Peter Parker (PP) is the meta-orchestrator. It decides which agents to run, in what order, and coordinates the entire nightly improvement cycle.
What PP Does
tenet peter daily
|
+-- 1. Mine training tuples from journals
+-- 2. Synthesize product context
+-- 3. Layer 3: Strategic reasoning (which agents to run?)
+-- 4. Hub health check
+-- 5. Run stale agents (5 rounds each, capped at 1 hour)
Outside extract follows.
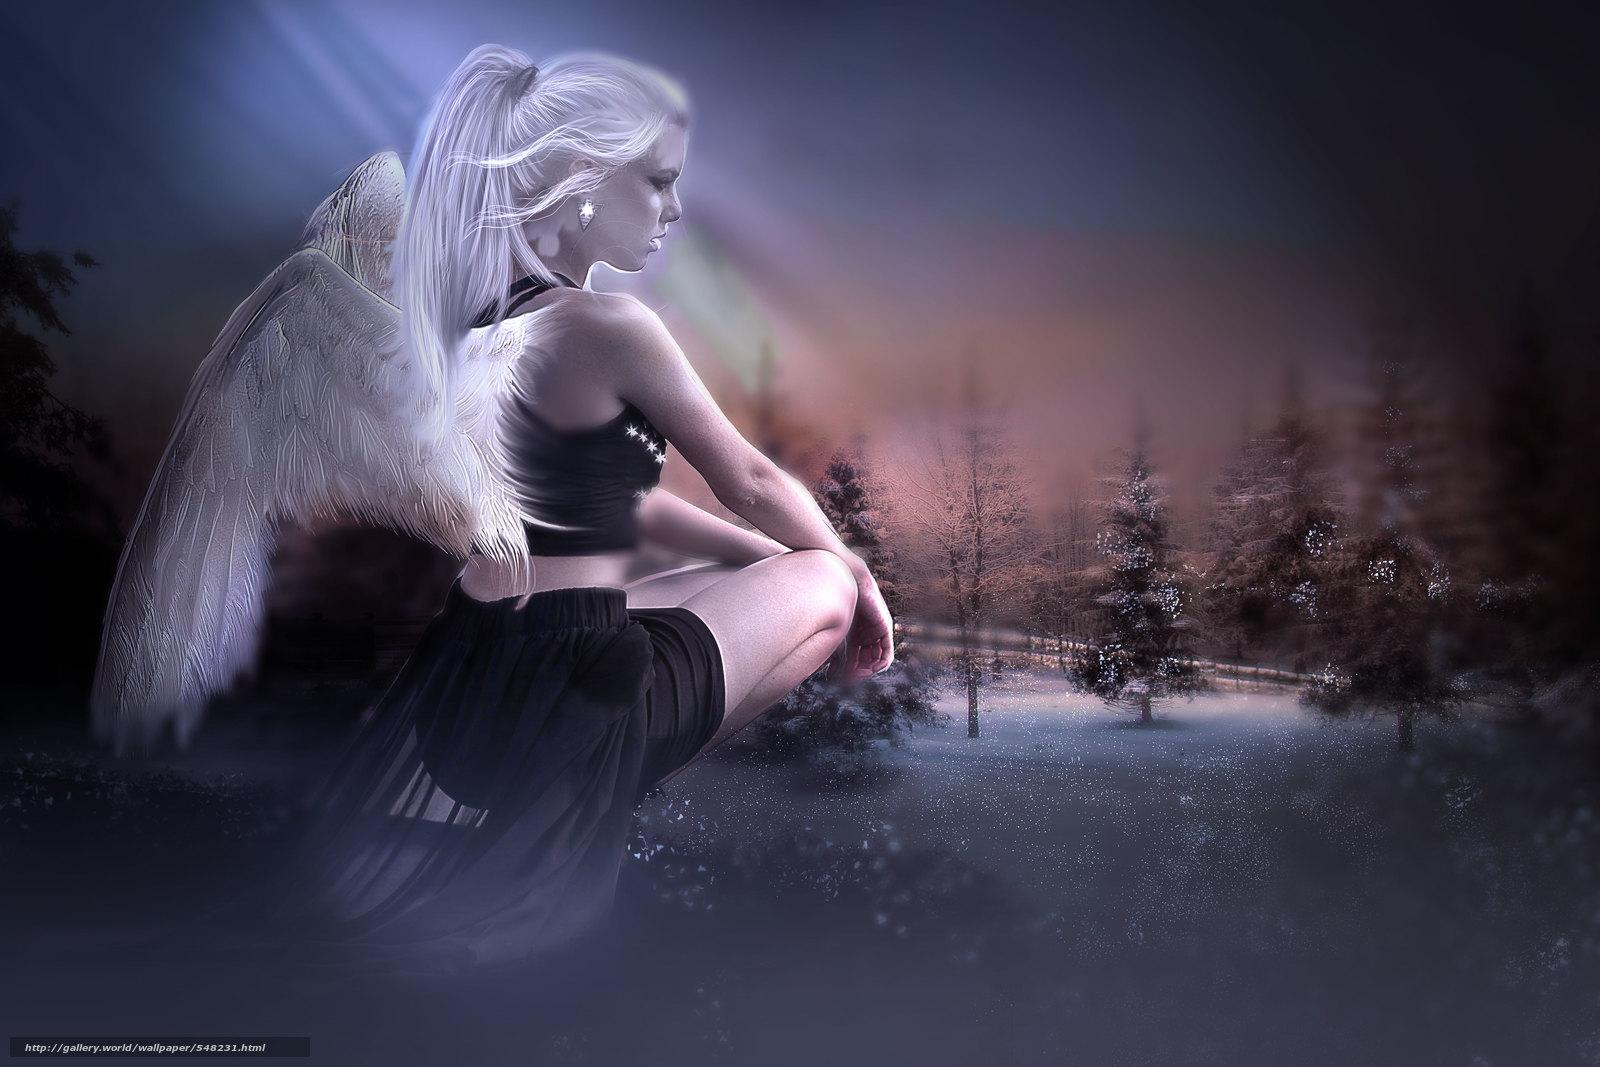 Download wallpaper girl angel 3d desktop wallpaper in the 1600x1067
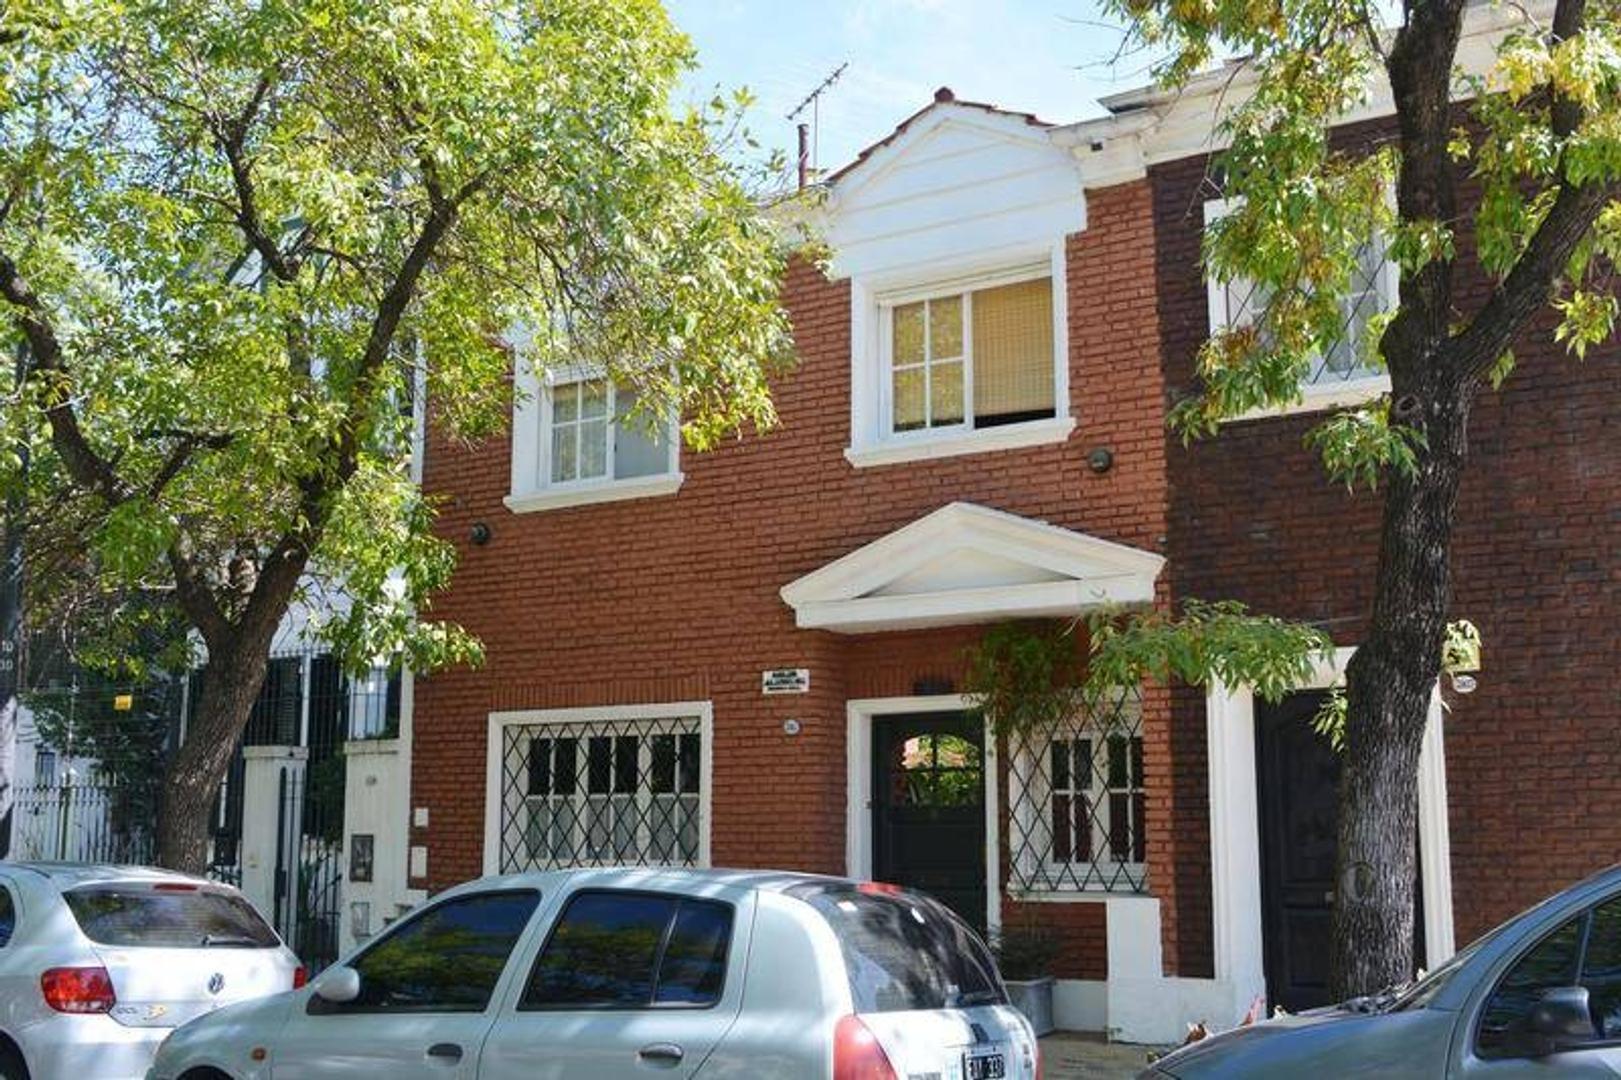 Casa en propiedad horizontal con acceso independiente!

+-- 6. Pick up kanban backlog issues → create PRs
+-- 7. Post summary event
Strategic Reasoning (Layer 3)
PP uses Stratus to decide which agents deserve compute tonight:
Strategic reasoning:
Run: ["test-coverage", "code-quality"]
Skip: ["cli-speed"] — already optimized, diminishing returns
Reasoning: test-coverage has 87% headroom, highest ROI
This prevents wasting tokens on agents that have plateaued.
Running PP
Daily Loop (Nightly Cron)
Full orchestration cycle. Typically run at 2 AM via OpenClaw cron:
{
"schedule": { "kind": "cron", "expr": "0 2 * * *" },
"payload": {
"kind": "agentTurn",
"message": "Run the TENET nightly loop..."
}
}
Single Agent Run
tenet peter agent test-coverage --rounds 5
Agent Swarm
tenet peter agent swarm --rounds 10
Runs all agents with the meta-orchestrator scheduling who goes next based on EMA reward.
PR Mode
tenet peter pr --task "Fix the auth token refresh bug"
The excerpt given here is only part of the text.